You don't need rtracklayer for this (not directly anyway), but instead you need txdbmaker which you can use to make a TxDb object that contains the gene locations, etc. There are (at least) two annotation services that have gene data for wheat; NCBI and Ensembl. I imagine MSU has one as well, so it depends on what genome you generated your SNP data from. Ideally you stick with the same annotation service because they all do things slightly differently, and trying to map things between any of them is a fool's errand. I generally use NCBI annotations, but they have a (terrible, IMO) habit of naming chromosomes using RefSeq IDs, and I don't know an easy way of changing the chromosomes, so I will show you how to use Ensembl instead.
> library(txdbmaker)
>> txdb <- makeTxDbFromGFF("https://ftp.ensemblgenomes.ebi.ac.uk/pub/plants/release-60/gff3/triticum_aestivum/Triticum_aestivum.IWGSC.60.gff3.gz")

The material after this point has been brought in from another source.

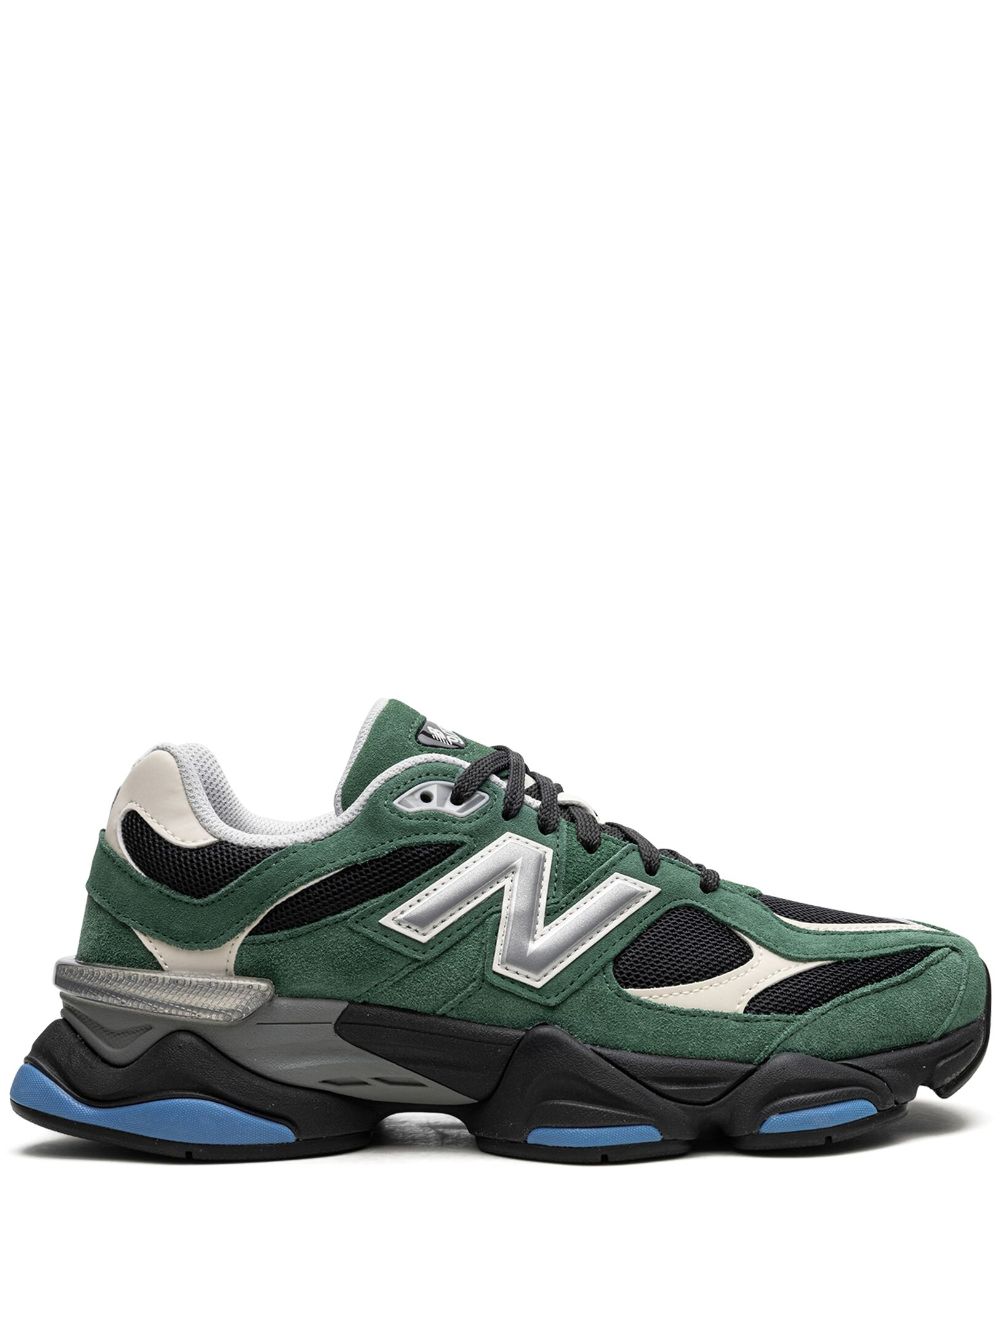 New Balance 9060 sneakers - Groen
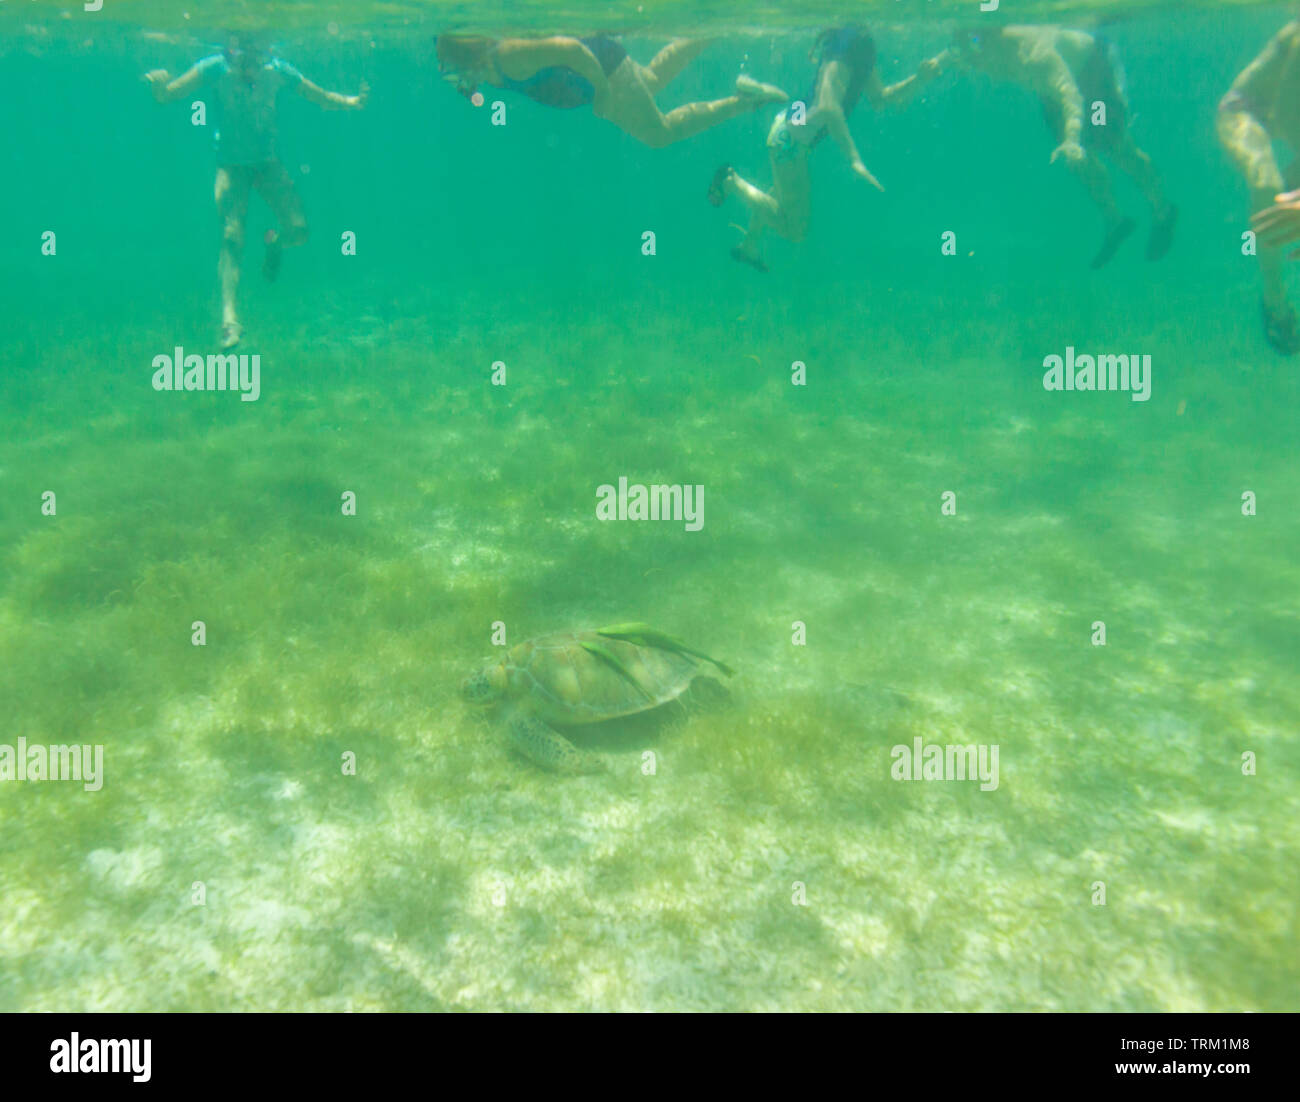 TORTUGA VERDE O BLANCA - GREEN SEA TURTLE (Chelonia mydas), Playa Akumal, Estado de Quntana Roo, Península de Yucatán, México Stock Photo

Import genomic features from the file as a GRanges object ... trying URL 'https://ftp.ensemblgenomes.ebi.ac.uk/pub/plants/release-60/gff3/triticum_aestivum/Triticum_aestivum.IWGSC.60.gff3.gz'
Content type 'application/x-gzip' length 24463854 bytes (23.3 MB)
downloaded 23.3 MB
OK
Prepare the 'metadata' data frame ... OK
Make the TxDb object ... OK
Warning message:
In .extract_exons_from_GRanges(exon_IDX, gr, mcols0, tx_IDX, feature = "exon", :
68 exons couldn't be linked to a
transcript so were dropped
(showing only the first 6):
seqid start end strand
1 1A 326329197 326329304 +
2 1A 366114101 366114204 +
3 1A 403039760 403039877 -
4 1B 357916232 357916339 -
5 1B 395058787 395058890 +
6 1B 432758094 432758212 +
ID Name
1 <NA> ENSRNA050014038-E1
2 <NA> ENSRNA050013952-E1
3 <NA> ENSRNA050013948-E1
4 <NA> ENSRNA050017309-E1
5 <NA> ENSRNA050019912-E1
6 <NA> ENSRNA050022692-E1
Parent
1 transcript:ENSRNA050014038-T1
2 transcript:ENSRNA050013952-T1
3 transcript:ENSRNA050013948-T1
4 transcript:ENSRNA050017309-T1
5 transcript:ENSRNA050019912-T1
6 transcript:ENSRNA050022692-T1
Parent_type
1 <NA>
2 <NA>
3 <NA>
4 <NA>
5 <NA>
6 <NA>
> genes(txdb)
GRanges object with 120676 ranges and 1 metadata column:
seqnames
<Rle>
ENSRNA050007810 3A
ENSRNA050007817 3A
ENSRNA050007820 3A
ENSRNA050007823 3A
ENSRNA050007826 3A
... ...
TraesCSU02G272776 Un
TraesCSU02G272800 Un
TraesCSU02G272807 Un
TraesCSU02G272900 Un
TraesCSU02G272997 Un
ranges
<IRanges>
ENSRNA050007810 8594746-8594817
ENSRNA050007817 8598700-8598771
ENSRNA050007820 19771253-19771326
ENSRNA050007823 27007038-27007108
ENSRNA050007826 32161321-32161392
... ...
TraesCSU02G272776 478410340-478410699
TraesCSU02G272800 478934578-478934940
TraesCSU02G272807 478901536-478902039
TraesCSU02G272900 479850130-479850488
TraesCSU02G272997 480840068-480840121
strand |
<Rle> |
ENSRNA050007810 + |
ENSRNA050007817 + |
ENSRNA050007820 + |
ENSRNA050007823 + |
ENSRNA050007826 + |
... ... .
TraesCSU02G272776 - |
TraesCSU02G272800 + |
TraesCSU02G272807 - |
TraesCSU02G272900 + |
TraesCSU02G272997 + |
gene_id
<character>
ENSRNA050007810 ENSRNA050007810
ENSRNA050007817 ENSRNA050007817
ENSRNA050007820 ENSRNA050007820
ENSRNA050007823 ENSRNA050007823
ENSRNA050007826 ENSRNA050007826
... ...
TraesCSU02G272776 TraesCSU02G272776
TraesCSU02G272800 TraesCSU02G272800
TraesCSU02G272807 TraesCSU02G272807
TraesCSU02G272900 TraesCSU02G272900
TraesCSU02G272997 TraesCSU02G272997
-------
seqinfo: 22 sequences from an unspecified genome; no seqlengths
Now is where you have to take over. I showed you how to get a GRanges of the gene locations. You can do all sorts of things with these objects and it's well beyond the scope of a support site post to cover them. You can read the vignettes for GenomicFeatures and GenomicRanges and maybe GenomicAlignments.